Expert Insights on Optimizing Distributed System Performance
First the bad news: you missed a great opportunity to pick the brains of three rather distinguished performance experts. But the good news is that you can now watch the masterclass sessions – and also take the certification exam – online for free!
To deliver a free community-focused masterclass, Henrik Rexed (Dynatrace), Leandro Melendez (Grafana/k6), and Felipe Cardeneti Mendes (ScyllaDB) came together online from Marseilles, Mexico City, and Sao Paulo – sharing their expertise with hundreds of engineers joining virtually from around the globe. The focus was on how to optimize distributed system performance, from the front-end to the back-end, with SLO-driven strategies.

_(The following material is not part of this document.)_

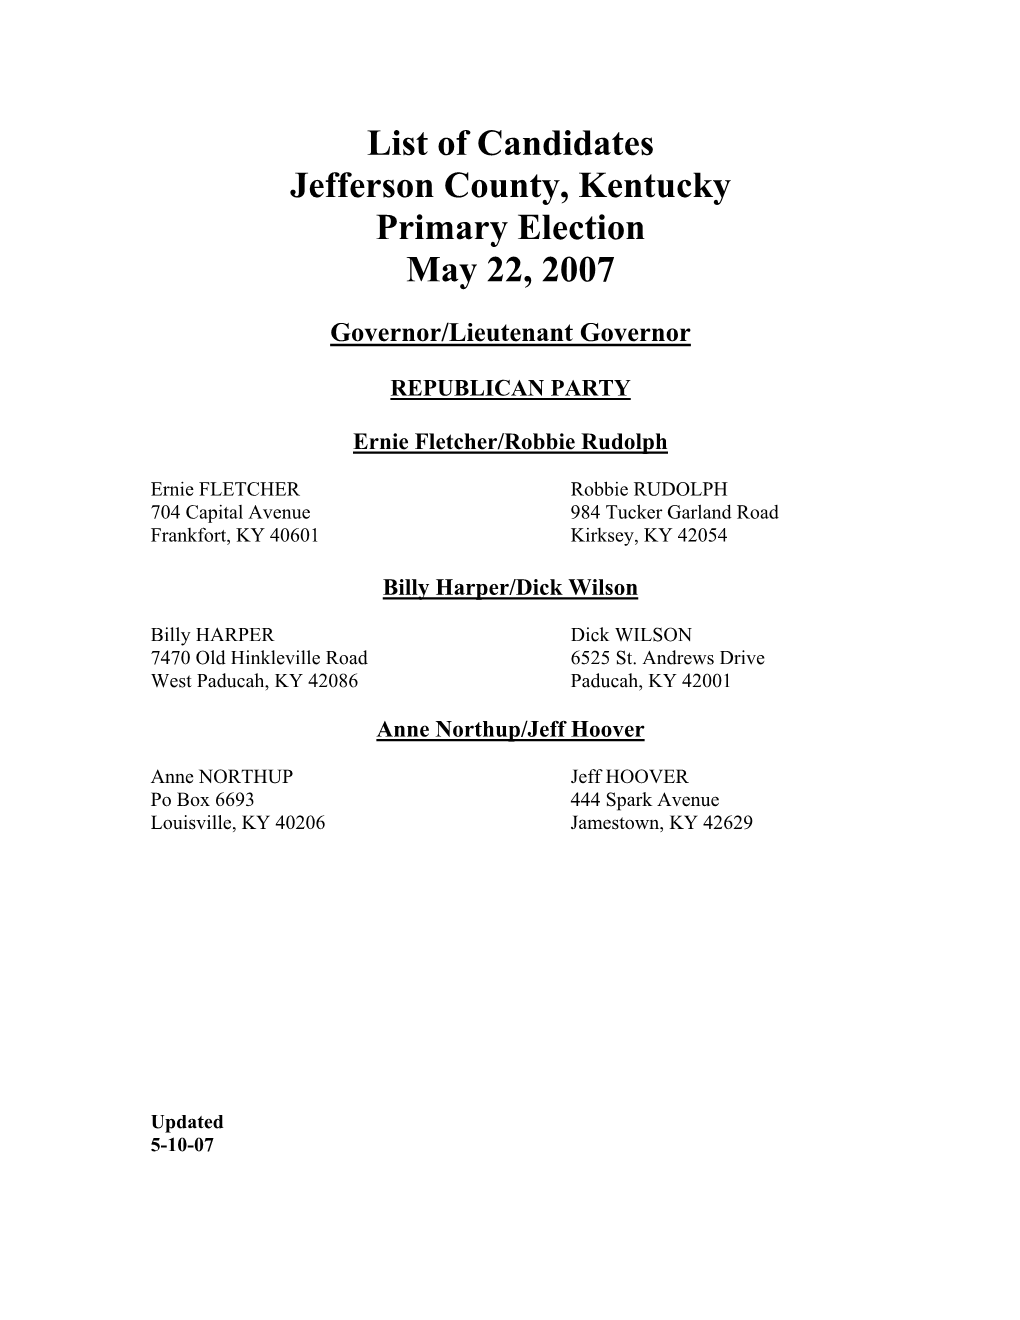 List of Candidates Jefferson County, Kentucky Primary Election May 22, 2007

- Leandro started off by providing a grounding in current expectations of what performance engineering and load testing entail. His session defined the modern challenges developers face, including continuous performance principles, Service Level Objectives (SLOs), and Service Level Indicators (SLIs). It delineated best practices and provides hands-on examples using Grafana k6, an open source modern load testing tool.
- Henrik walked through how to measure, validate and visualize these SLOs using Prometheus, an open observability platform, to provide concrete examples. Next, he demonstrated how to automate your deployment using Keptn, a cloud-native event-based life-cycle orchestration framework. Attendees learned how it could be used for multi-stage delivery, remediation scenarios, and automating production tasks.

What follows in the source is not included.